▶ What to do:
Wherever a picture appears in the data below, omit it, and restate everything else word for word.

▶ Data:

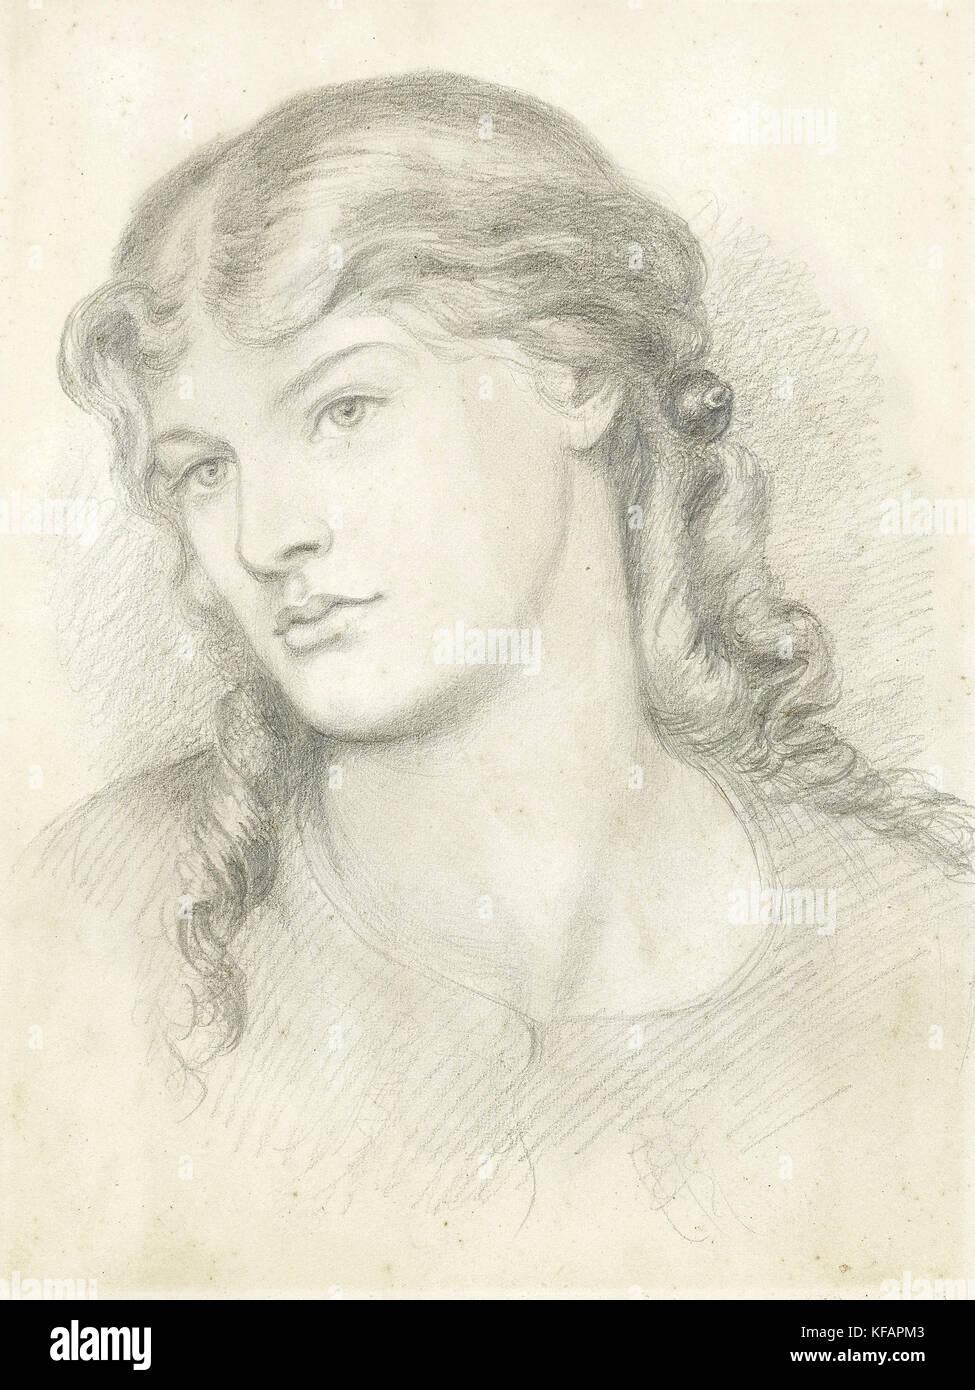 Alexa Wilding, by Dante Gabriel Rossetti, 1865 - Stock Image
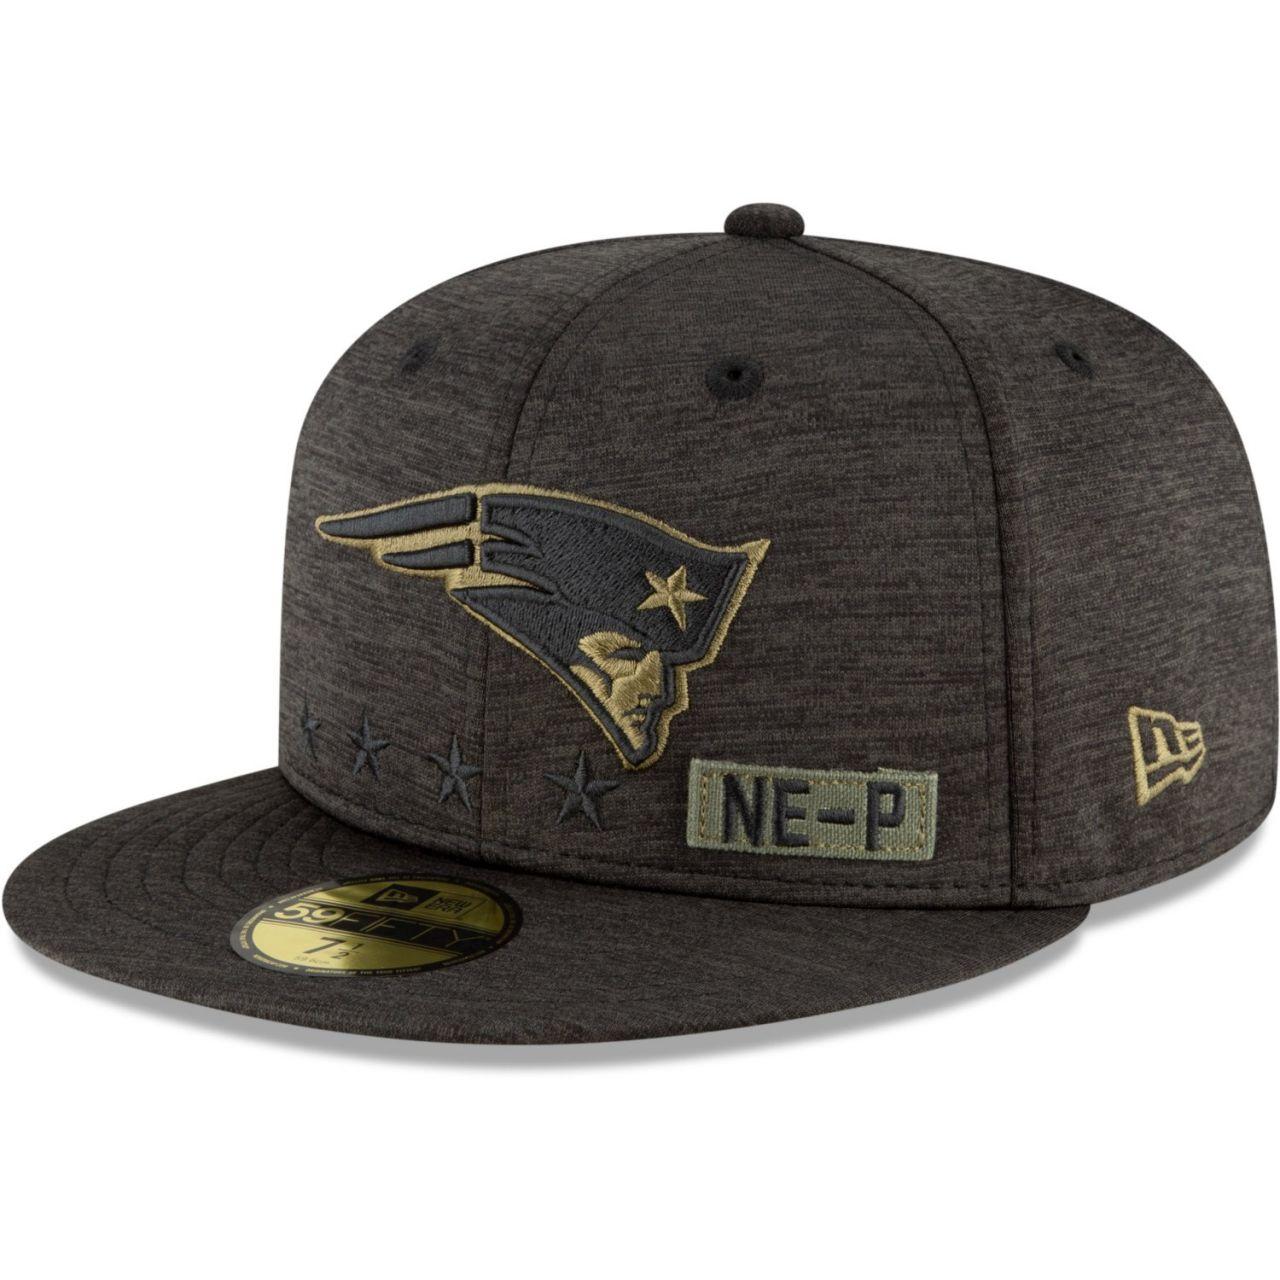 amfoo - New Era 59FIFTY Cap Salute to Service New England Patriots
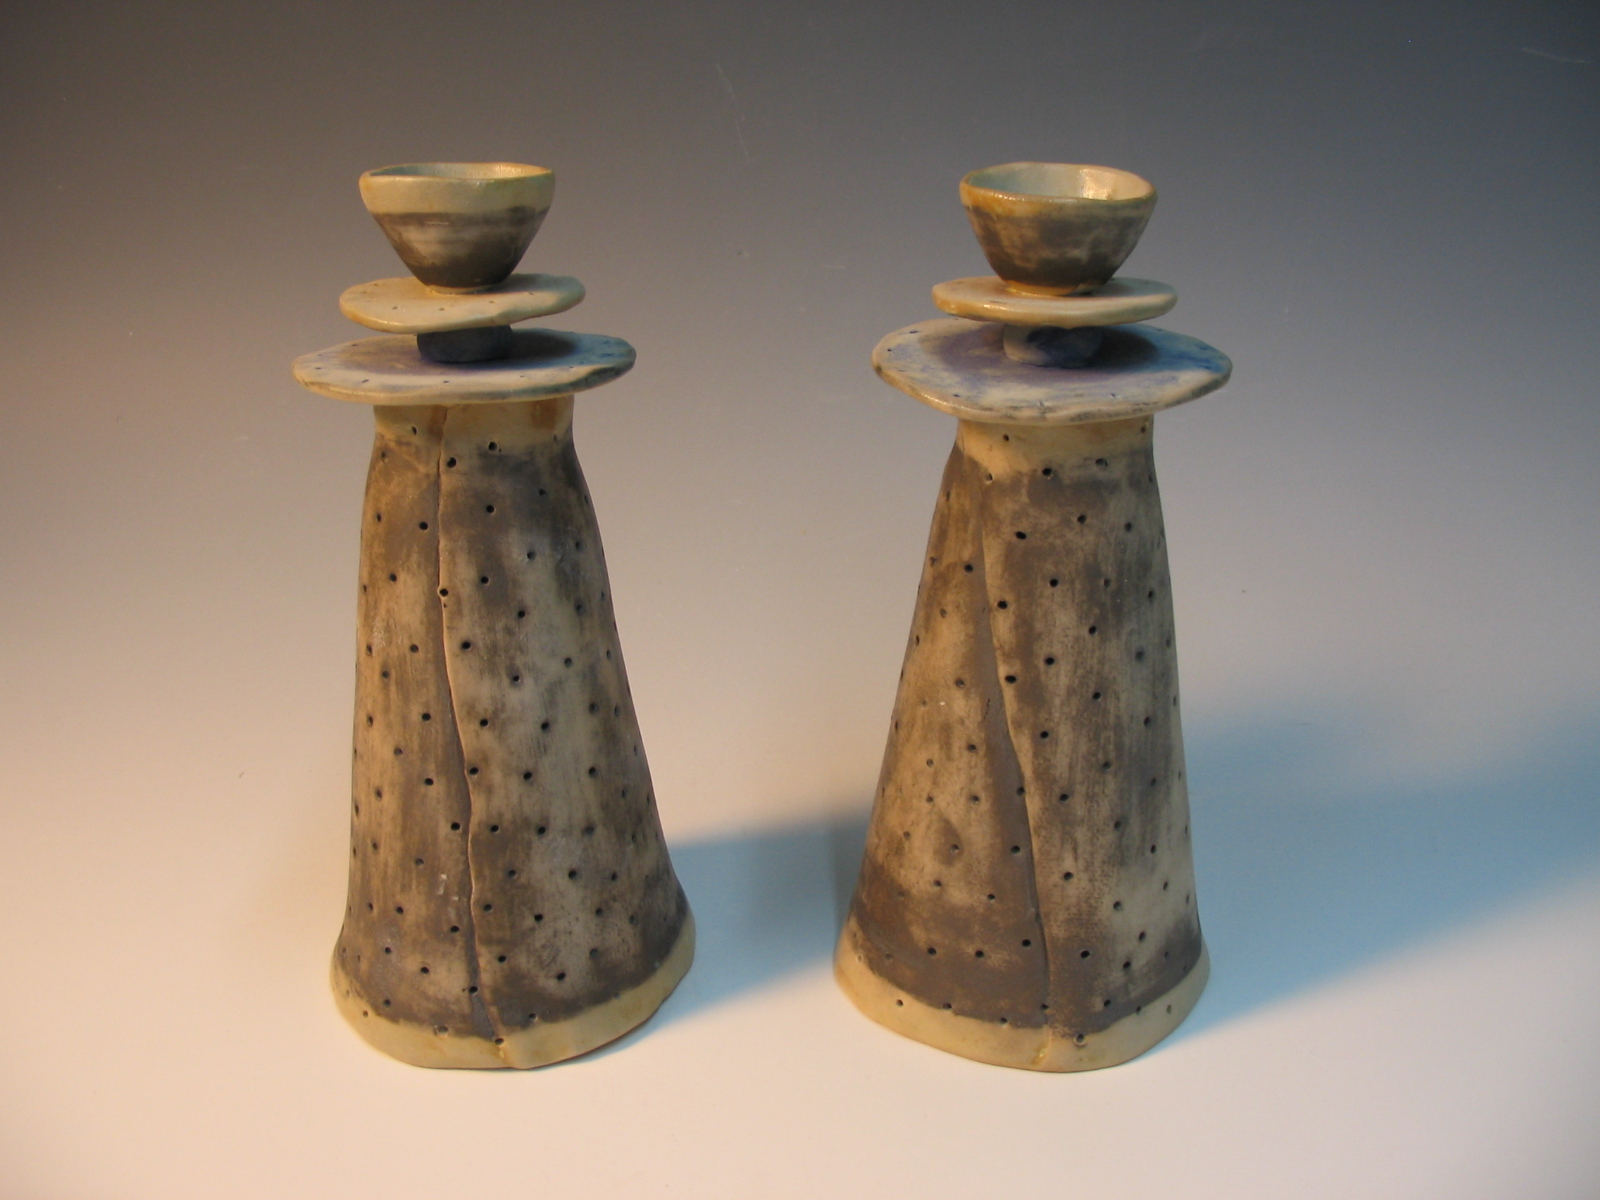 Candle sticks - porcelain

▶ Task output:
 Alexa Wilding, by Dante Gabriel Rossetti, 1865 - Stock Image
 amfoo - New Era 59FIFTY Cap Salute to Service New England Patriots
 Candle sticks - porcelain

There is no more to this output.